Concurrent garbage collectors.

However, concurrent collectors require a lot of synchronization to make sure the system works properly. Sadly, the extra synchronization often incurs high run-time overheads although this is unavoidable for the system to operate in real-time.

You can clearly see this tradeoff for yourself in this presentation about the JavaScript V8 Engine which is used in Chrome. Ideally, the web browser runs at 60 fps to avoid jank, so each frame must be generated in about 16 ms. But using a stop-the-world garbage collector caused earlier Chrome versions to often miss these deadlines. More recent Chrome versions use a mostly concurrent collector. The video below compares the very visible effects of both collectors.
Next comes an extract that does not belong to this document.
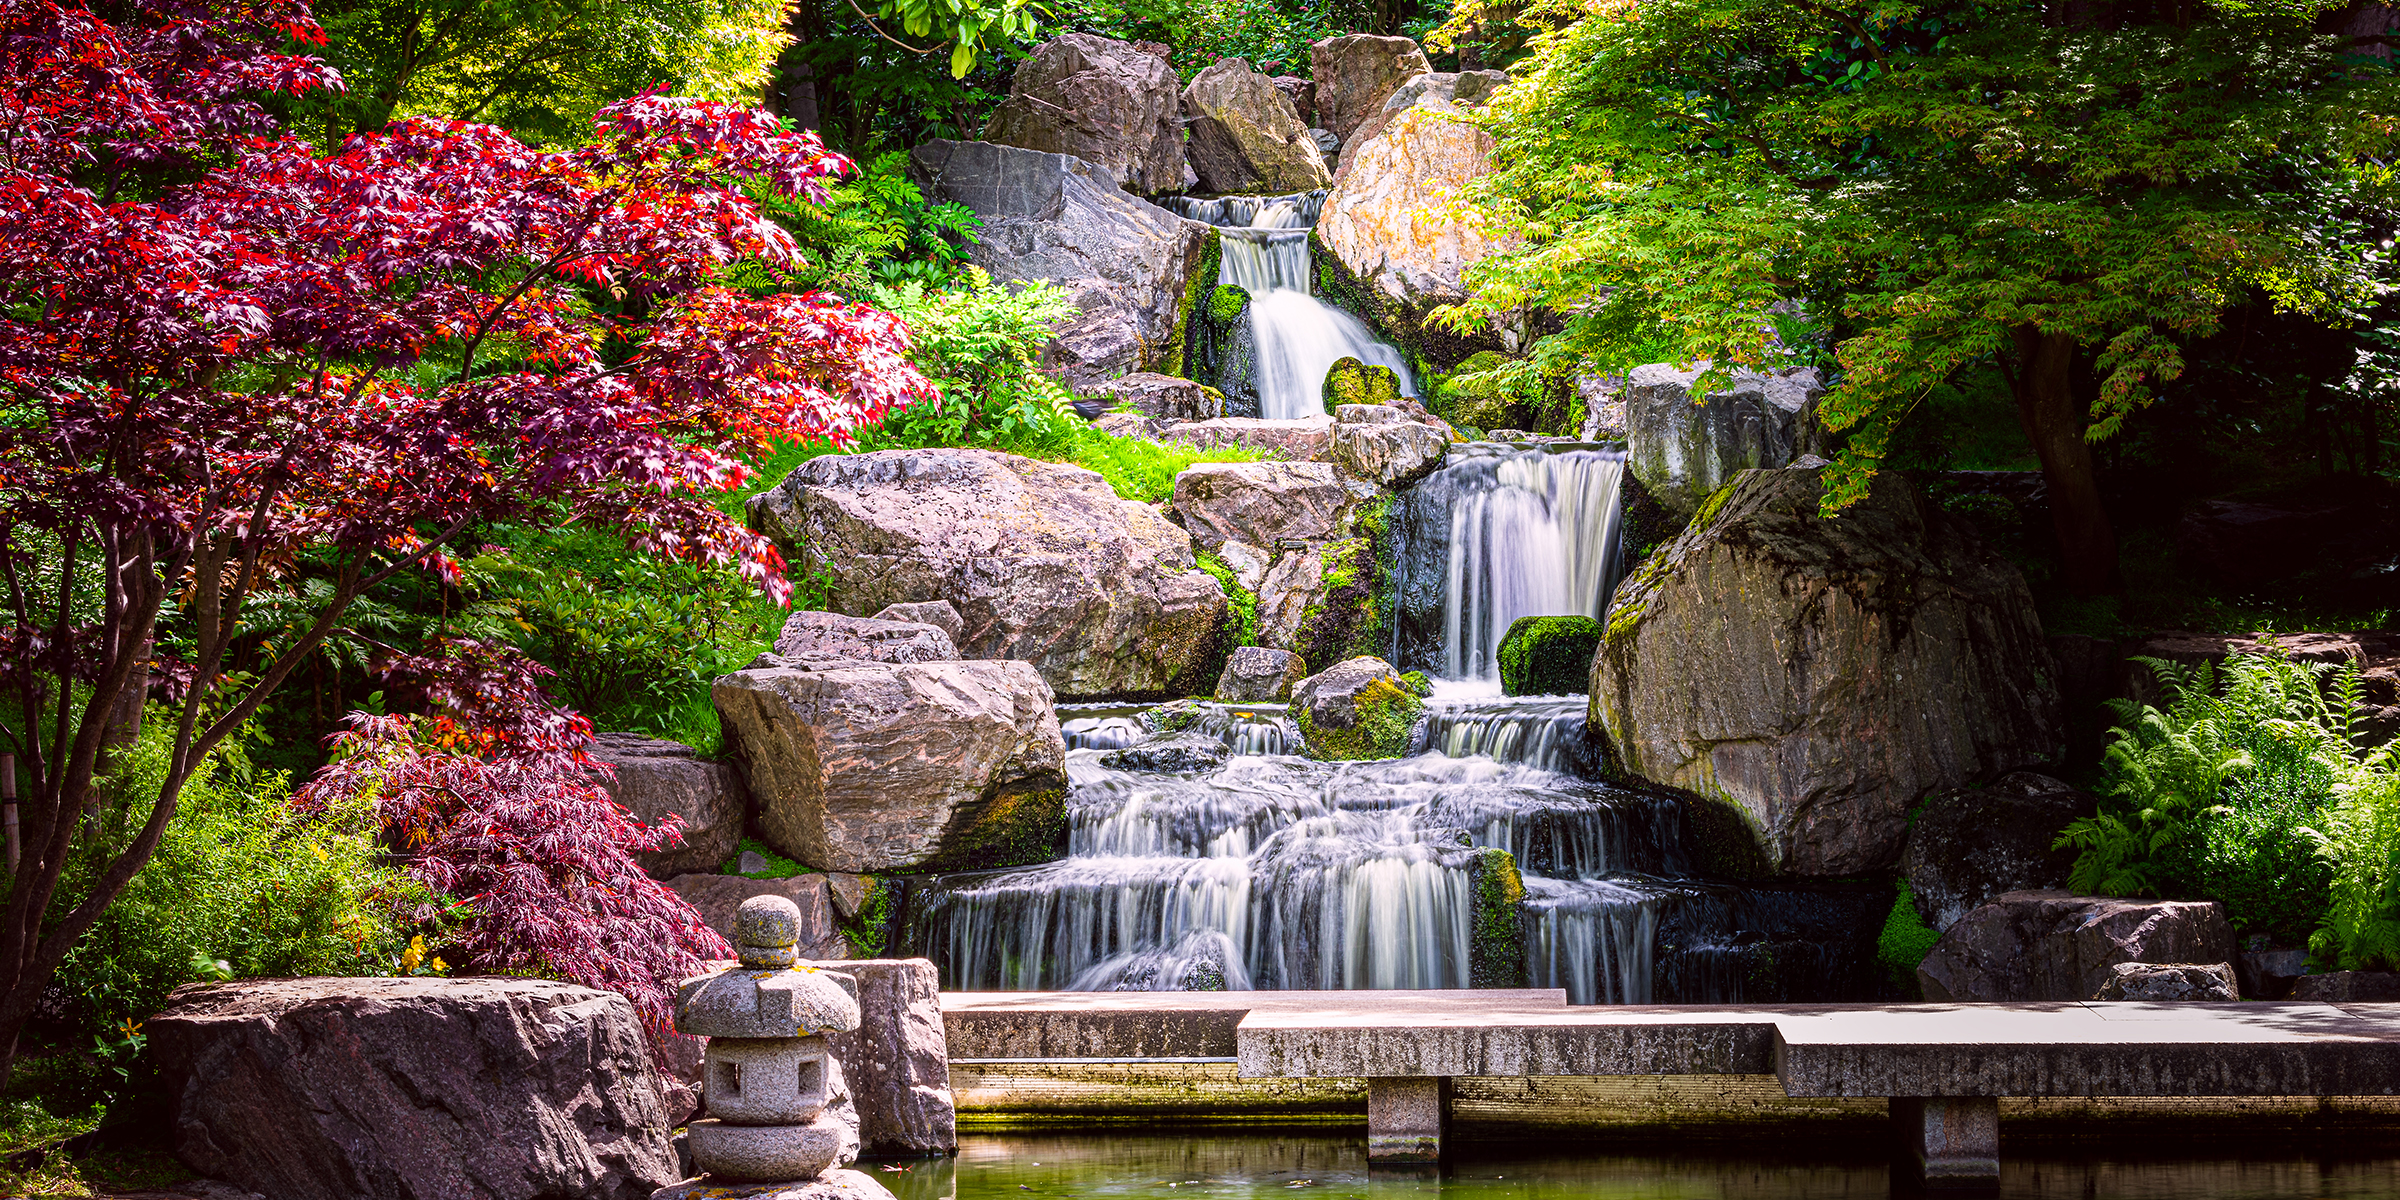 Kyoto garden, London | Source: Shutterstock

Types of Real-Time Systems

You might have noticed that not all real-time systems are the same. It is important to consider the kind and strictness of timing requirements when engineering such systems. So it is common to clasify real-time systems as:

Soft Real-Time: There are many systems, like phones, tablets, etc, where it is desirable to meet deadlines, but there is no harm if deadlines are missed occasionally. For example, we said that ideally Chrome runs at 60 fps although nobody will die if sometimes it does 55, 58, 56 fps! In other words, it is desirable for the real-time system to meet all its deadlines, but in practice, its acceptable if some deadlines are missed because the worst consequece is perhaps an annoyed user.
Hard Real-Time: The system must always meet deadlines if hard real-time operation is required. Failure to meet a deadline is equivalent to an incorrect calculation and can result in catastrophic consequences such as the death of a patient or an airplane crashing. Cardiac pacemakers and avionics are good examples of hard real-time systems.
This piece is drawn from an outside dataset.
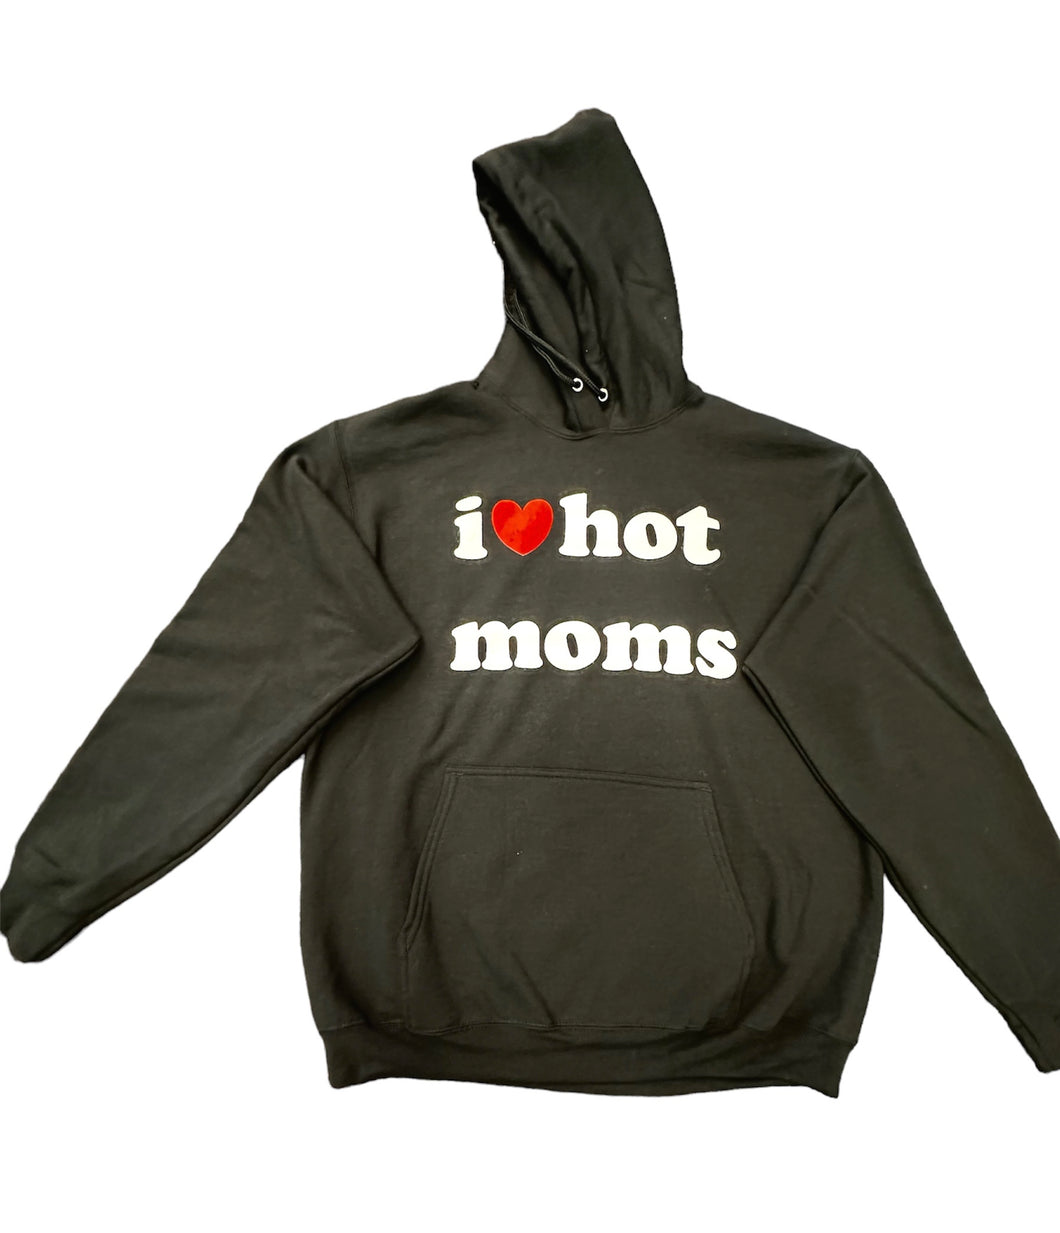 Hot mom's sweater

Naturally, the approach for engineering and testing soft real-time systems is a lot more informal. The system is developed and empirical experiments are run in various settings to ensure that most deadlines are met i.e. that the frequency of missed deadlines is below a threshold. I have even heard of engineers testing soft real-time systems with slow processors and then switching to faster ones (or cranking up the clock!) just to make extra sure that the final product does meet most deadlines. In contrast, there are formal static analysis methods to evaluate hard real-time systems and guarantee that no deadlines are missed under any circumstance. I will describe one such method in the next blog post.

Conclusion

In conclusion, real-time systems are simply systems that have timing contraints. That is, the device must perform a task before a deadline. Broadly speaking, real-time devices are either soft or hard real-time depending on how strict we need to be about meeting deadlines. In the following post, we will focus almost exclusively on how to statically analyze hard real-time programs to guarantee that timing requirements are always met.